= Assemblages of plants and invertebrate animals of tumulus (organic mound) springs of the Swan Coastal Plain =

Assemblages of plants and invertebrate animals of tumulus (organic mound) springs of the Swan Coastal Plain are ecological communities in Western Australia. They have been managed under a number of other, similar names, including Mound springs of the Swan Coastal Plain and Communities of Tumulus Springs (Organic Mound Springs, Swan Coastal Plain). The tumulus mounds were common to a narrow range of groundwater discharge at the boundary of 'bassendean sand' and 'guildford clay', along the edge of the Gnangara Mound aquifer. The communities are critically endangered.

== Description ==
At the edge of the Gnangara Mound, where heavy guildford clays meet the bassendean dune system, bogs and swamps are created by the discharge of water from this aquifer. The clay and sand intersection on the Swan Coastal Plain, near the Darling Scarp, also produces permanent springs, giving rise to peat and sand mounds containing plant and invertebrate assemblages. The continuing vegetative growth produces microhabitat for many species.
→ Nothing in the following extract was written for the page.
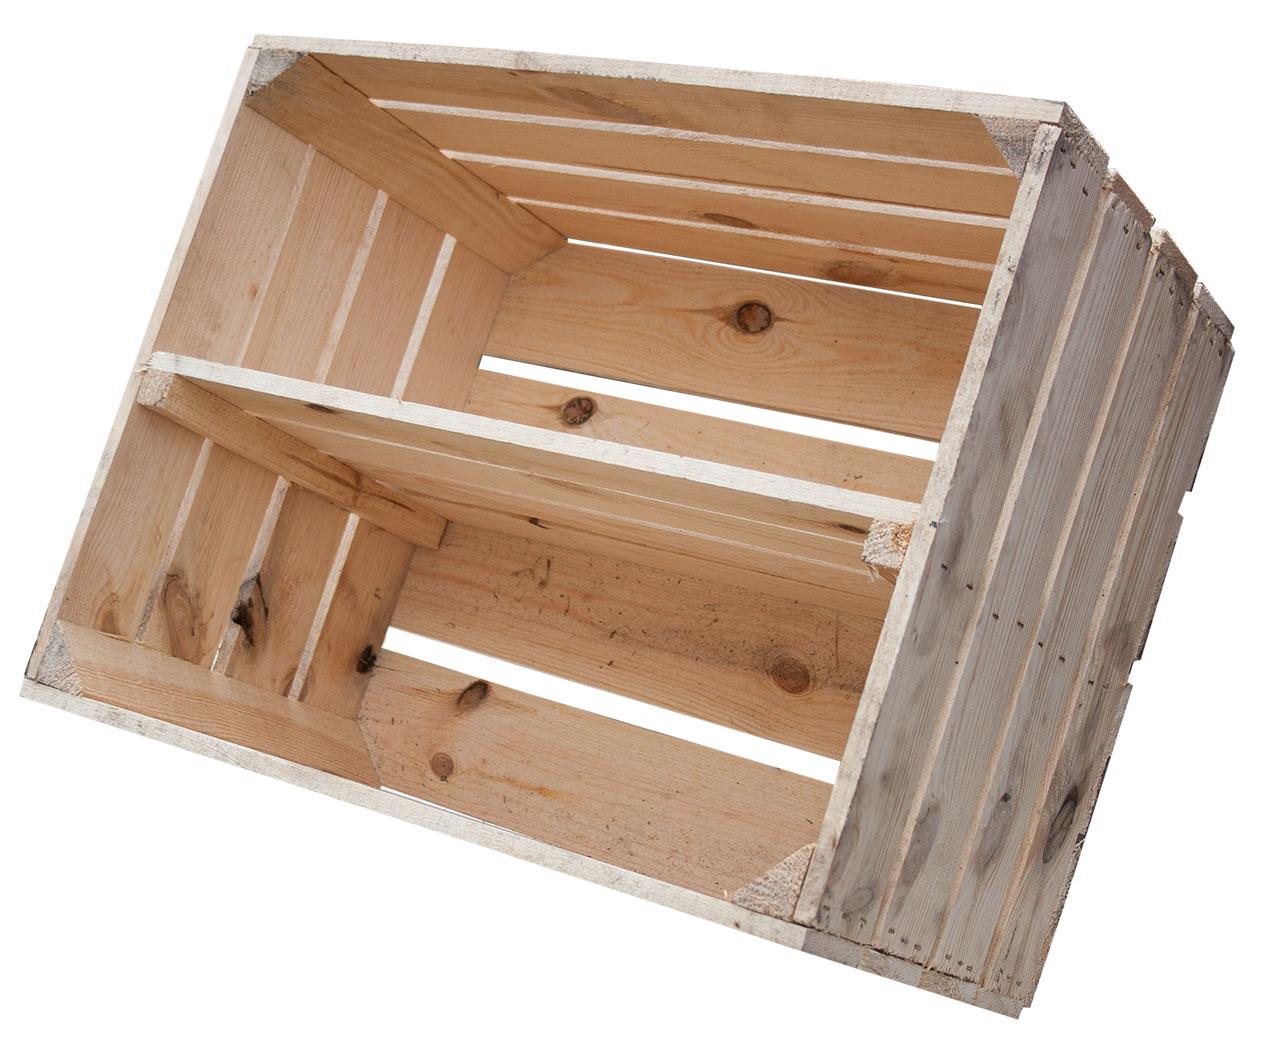 obstkisten regalkiste l ngsboden natur 50x40x30cm. Black Bedroom Furniture Sets. Home Design Ideas

Penetration of water produced by regional hydrological forces alter and increase the size of the mounds by pushing material to the surface through the peat layers.

Fauna includes relict gondwanan species of invertebrates which are often unique to the remaining mounds. Flora of flooded gums (Eucalyptus rudis), bracken fern (Pteridium esculentum) and rushes (from the plant families Cyperaceae, Juncaceae and Restionaceae) occur around the springs. These are often remnant to climate change of the bioregion and are only otherwise found further south.

== Distribution and biology ==
Although once common to a narrow range between Guildford and Muchea, only three remain over an area of eight hectares. They are at Ellenbrook, Bullsbrook (Kings Mound Spring) and one near Muchea. Many species are highly adapted to the permanent water habitat and this may offer refuge from climate change for others. Many species are endemic to the tumulus mounds of the Swan Coastal Plain.

Faunal representatives of Acarina, Ostracoda, Nematoda, Cladocera, Copepoda, Oligochaeta, Tardigrada, Turbellaria and Insecta are found at most of the three remaining springs.

Aquatic mites have also been identified at the mounds:
- Aturidae
  Notoaturinae, gen. nov. sp. nov. - from Bullsbrook
- Anisitsiellidae
  Anisitsielides sp. nov. - Muchea
- Crangonyctoid Amphipods
  Paramelitidae, gen. nov. sp. nov. – Ellenbrook

Flora maintains the assemblage, with an
- upper storey
  of Banksia littoralis, Melaleuca preissiana, and Eucalyptus rudis.
- Mid and low storey
  vascular plants are:Agonis linearifolia:Astartea fascicularis and Cyclosorus interruptus and the fern Pteridium esculentum.
Non-vascular plants in the community are: Lycopodiella serpentina (bog clubmoss), Riccardia aequicellularis, Jungermanniaceae Jungermannia inundata, Goebelobryum unguiculatum and Lepidoziaceae Hyalolepidozia longiscypha.

== Threat and status ==
Most of these communities were destroyed by land clearing in the period following colonisation. Human activities have reduced the range of mound spring communities by 97% since settlement. Dams and infilling destroyed many communities during the agricultural development of the area. Further reduction to their range was produced by housing developments. The mound springs are critically endangered and the three remaining communities are reserved by either the state government or urban development reserve systems. All of the cohabiting species share the threat of extinction from altered environmental conditions. Altered fire regimes, involving blazes of higher intensity and the exploitation of the associated aquifers directly threaten the remaining tumulus spring assemblages. Grazing by cattle caused direct damage to species and their trampling and dung also facilitated invasion by wetland weed species. These introduced plant species, such as Isolepis prolifera and Pennisetum clandestinum, affect these ecological communities by displacing endemic species. Grassy weed species increase the risk of fire and woody ones draw heavily on the water of the spring. The interaction of these threats reduce biodiversity and continue to impel the extinction of these eco-communities. All three identified mound springs and their species are eligible for State listing and protection.